Saturday, April 30, 2011

Adopting the "New Media Mind"

This 30-second video is my introduction to digital literacy. My belief is that we must learn not just a skill set, but a mind set for the digital age. That mind set is based on three core principles:

  1. Consume
    In a world of too much information and media overload, how do we meaningfully find, filter, search, and otherwise control the deluge of input?
  2. Create
    How doe we establish a meaningful online presence, regularly produce content worth sharing, create opportunities for ourselves and value for our communities?
  3. Connect
    How can we interact productively with others, collaborate meaningfully, and take advantage of group dynamics?
I will keep returning to these concepts, and in this blog, relating them to literary studies and writing online.
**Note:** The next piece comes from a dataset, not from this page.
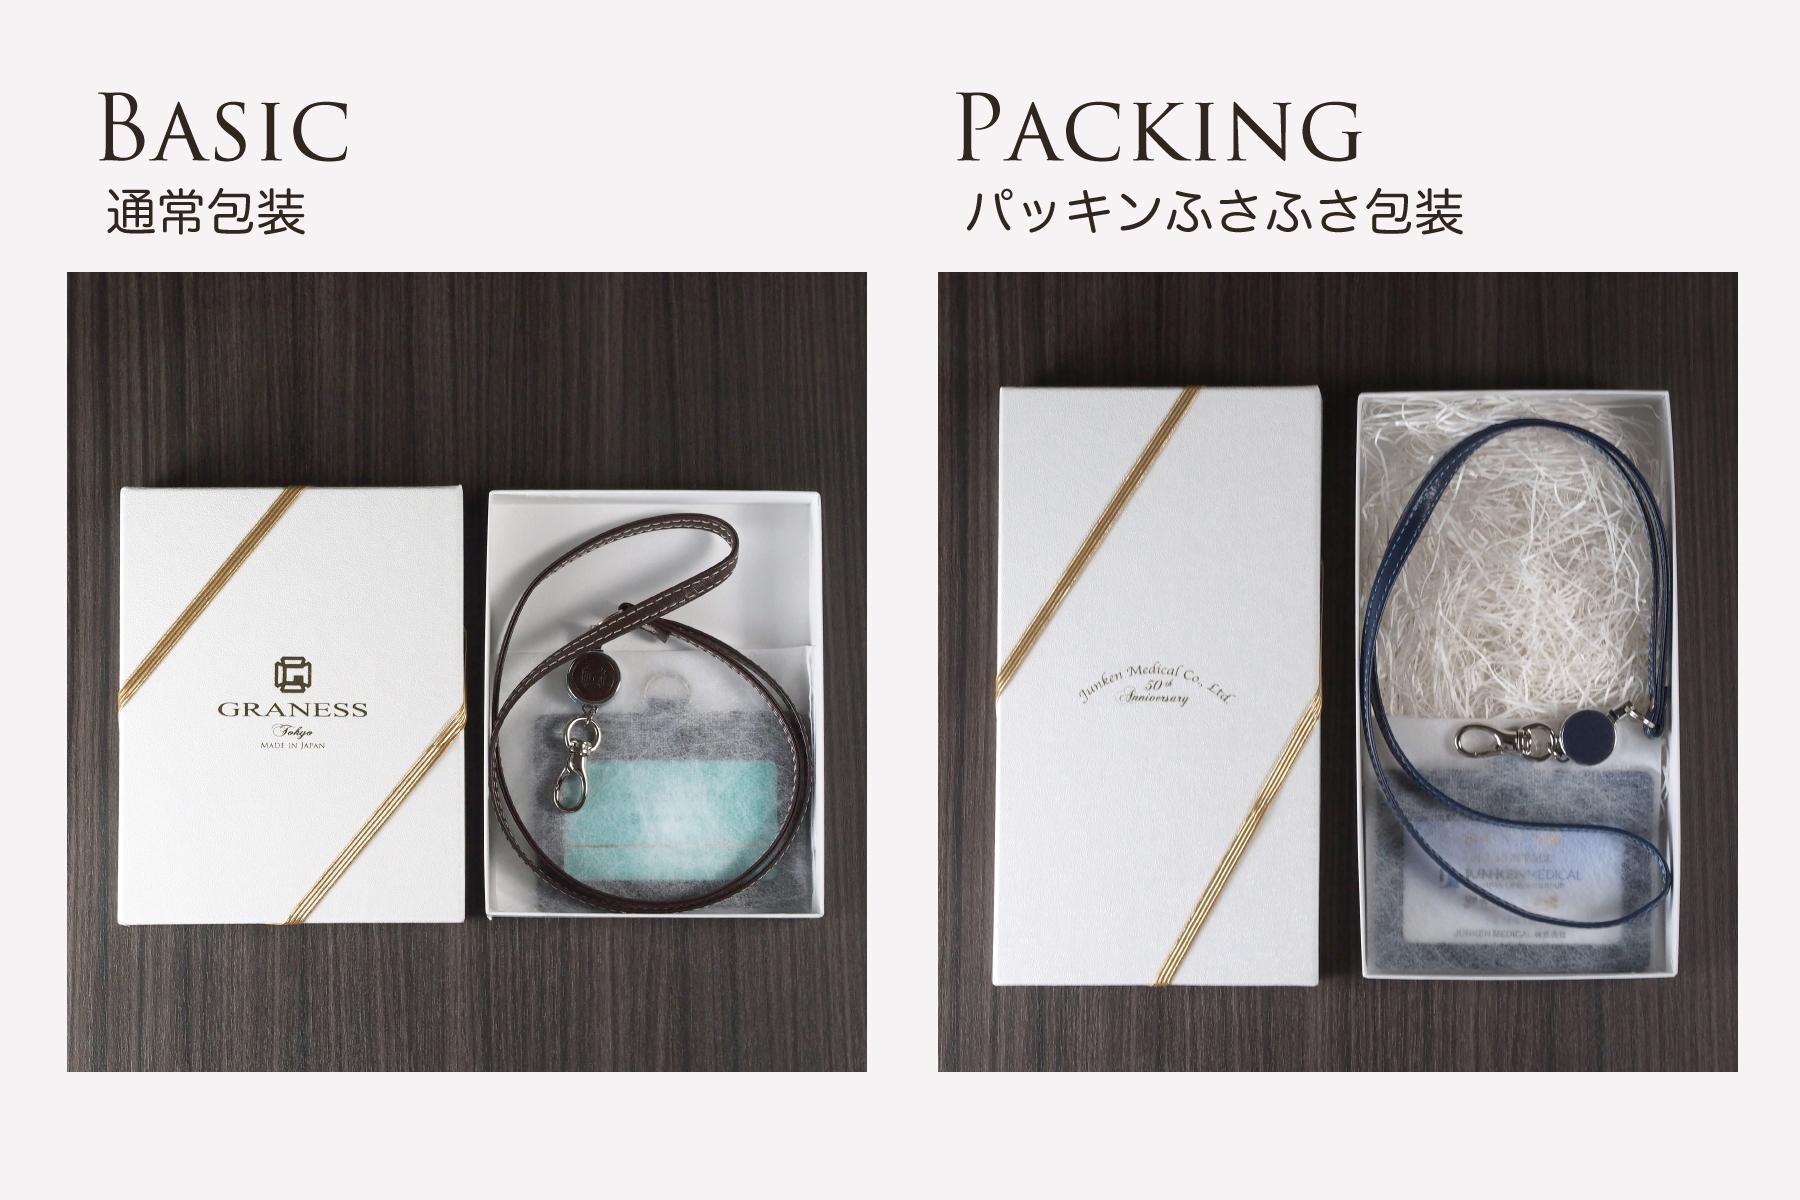 本革製社員証ケースの記念品用通常包装と記念品用パッキン包装

Do you have the "new media mind"?
  1. Do you consume media intelligently? 
  2. Do you create and share content? 
  3. Do you connect with worthwhile projects and meaningful people through the new communication tools?  

Thursday, April 28, 2011

Chasing the White Whale of Literary Blogging

flickr - Skelly B (creative commons licensed)
So ignorant are most landsmen . . . they might scout at Moby Dick as a monstrous fable, or still worse and more detestable, a hideous and intolerable allegory. --Melville, Moby Dick, chapter 45, "The Affidavit."

With apologies to Melville, I'm indeed going to use his famous tale (and whale) allegorically to investigate the topic of literary blogging. I've chosen a rather benign looking white whale in the picture here. His home is an aquarium, and he looks like the sort of sea creature that would roll over to let you pat his tummy. And maybe that's what I want literary blogging to be -- a tame creature, like this one, that can both delight and educate visitors.

But after piloting three courses in which I have had students blog, I've learned that the new media -- of which blogging is merely one well-known species -- is certainly not tame. The new media is a set of cultural and technical practices that are engaging, yet evasive -- like a certain whale from a certain novel.